Reaction of compounds of formula (9) with thiolate (3) in a solvent such as acetonitrile in the presence of a base e.g. a tertiary amine base such as diisopropylethylamine DIPEA at a temperature up to the reflux temperature gives the 3-aminothienopyridones of formula (10).

Target compounds of formula I can be prepared by reaction of compounds of formula (10) with a substituted pyridine, wherein Q is a leaving group such as triflate or a halide e.g. bromine, in the presence of a transition metal catalyst e.g. a palladium catalyst.
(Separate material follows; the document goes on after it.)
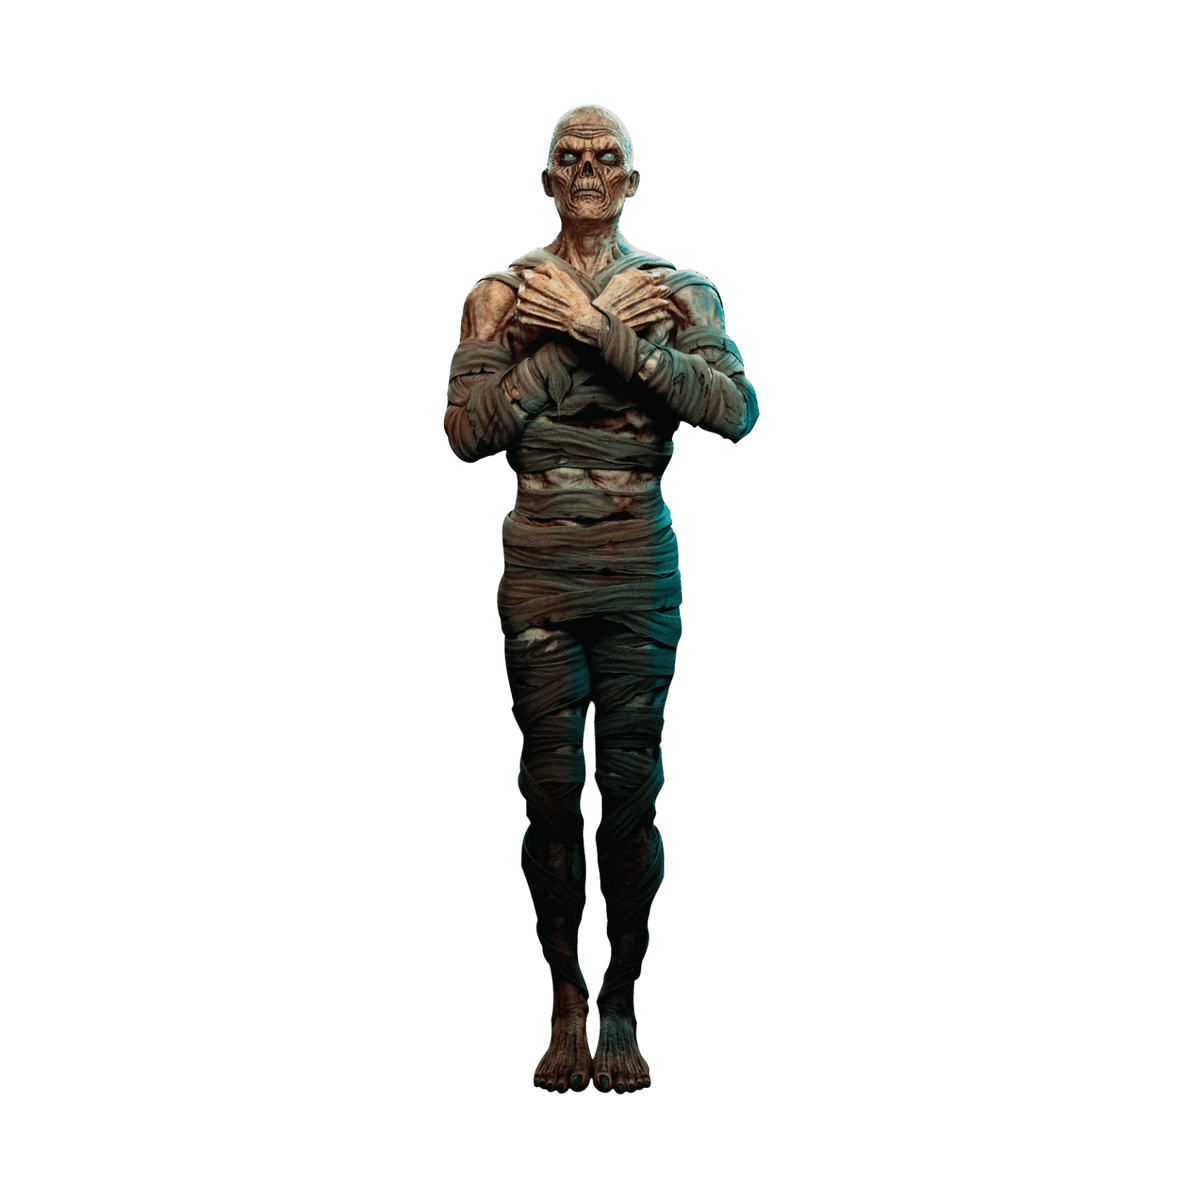 A Egyptian Guard Mummy Zombie with crossed arms and visible skeletal features against a plain green background, perfect as Halloween decor by Cover-Alls.
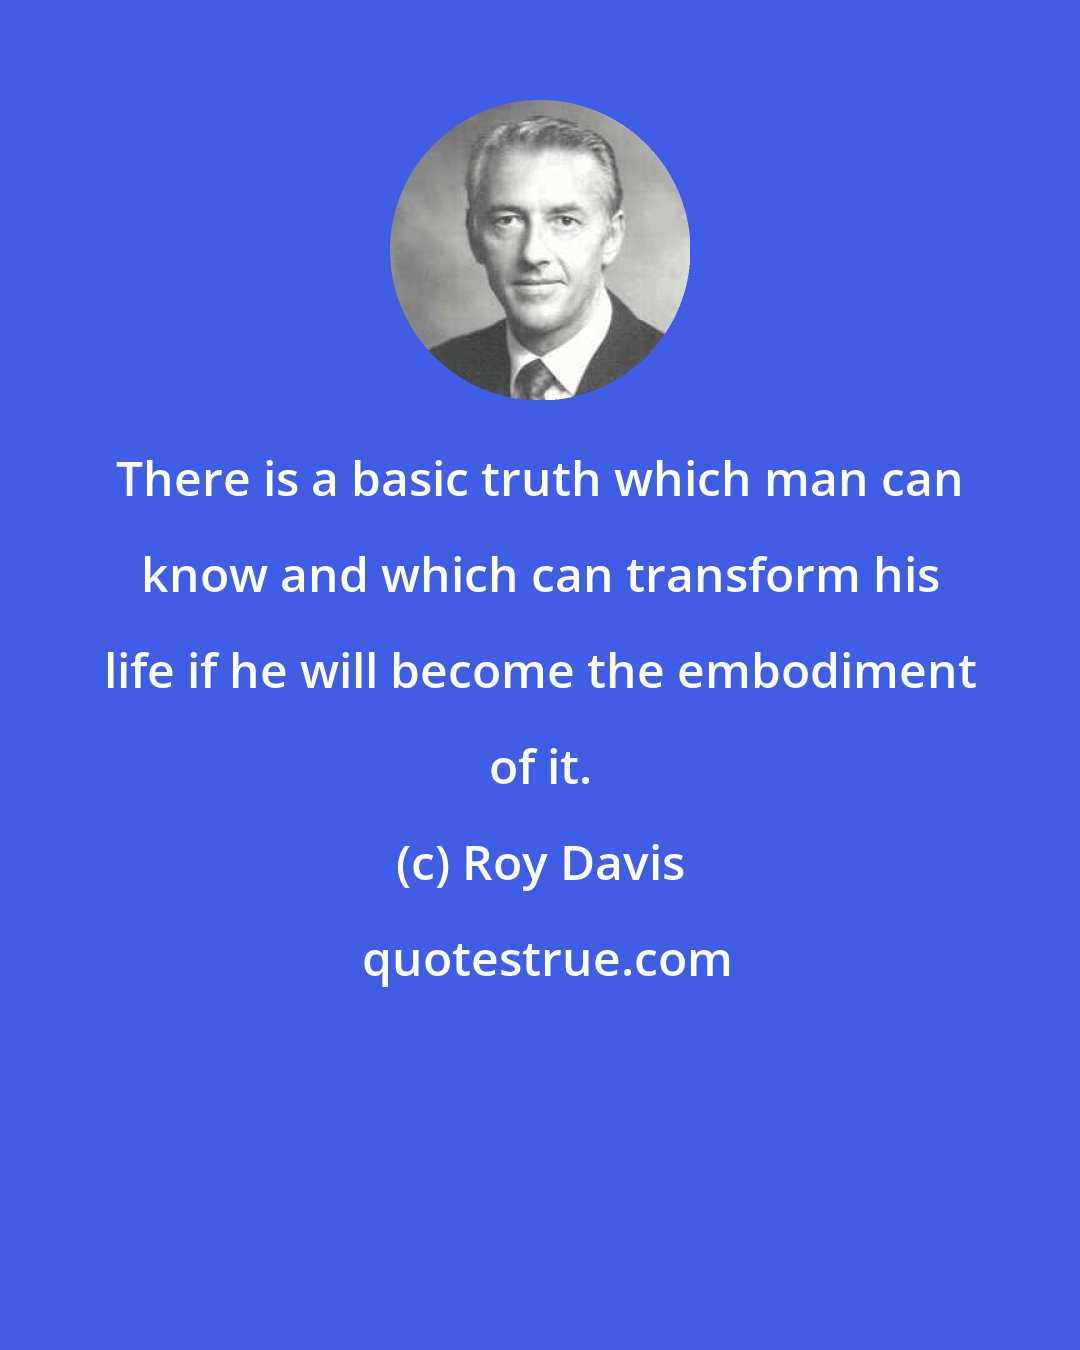 Roy Davis: There is a basic truth which man can know and which can transform his life if he will become the embodiment of it.

The reaction may be conveniently carried out in a solvent such as toluene or ethylene glycol dimethyl ether (DME) at an elevated temperature, e.g. the reflux temperature, using a catalyst such as tris(dibenzylideneacetone)dipalladium (0), a phosphine ligand such as 2,2′-bis(diphenylphosphino)-1,1′-binaphthyl, 4,5-bis(diphenylphosphino)-9,9-dimethylxanthene (Xantphos) or tri-tertbutylphosphine, and a base such as caesium carbonate or tripotassium phosphate. Where desired alternative reaction conditions from the literature may be used as previously described above. In an alternative procedure a copper catalyst, e.g. copper(I) iodide may be employed. The reaction may be done in the presence of a base e.g. tripotassium phosphate, optionally in a suitable solvent such as an alcohol, e.g. isopropanol, or an ether, e.g. 1,4-dioxan. A chelating ligand such as ethylene glycol or N,N-dimethylethanolamine may also be used. In reactions of this type Q is typically a halogen atom, especially an iodine atom. After deprotection of the HNR3R4 substituent, if necessary, the target compounds of formula I are obtained.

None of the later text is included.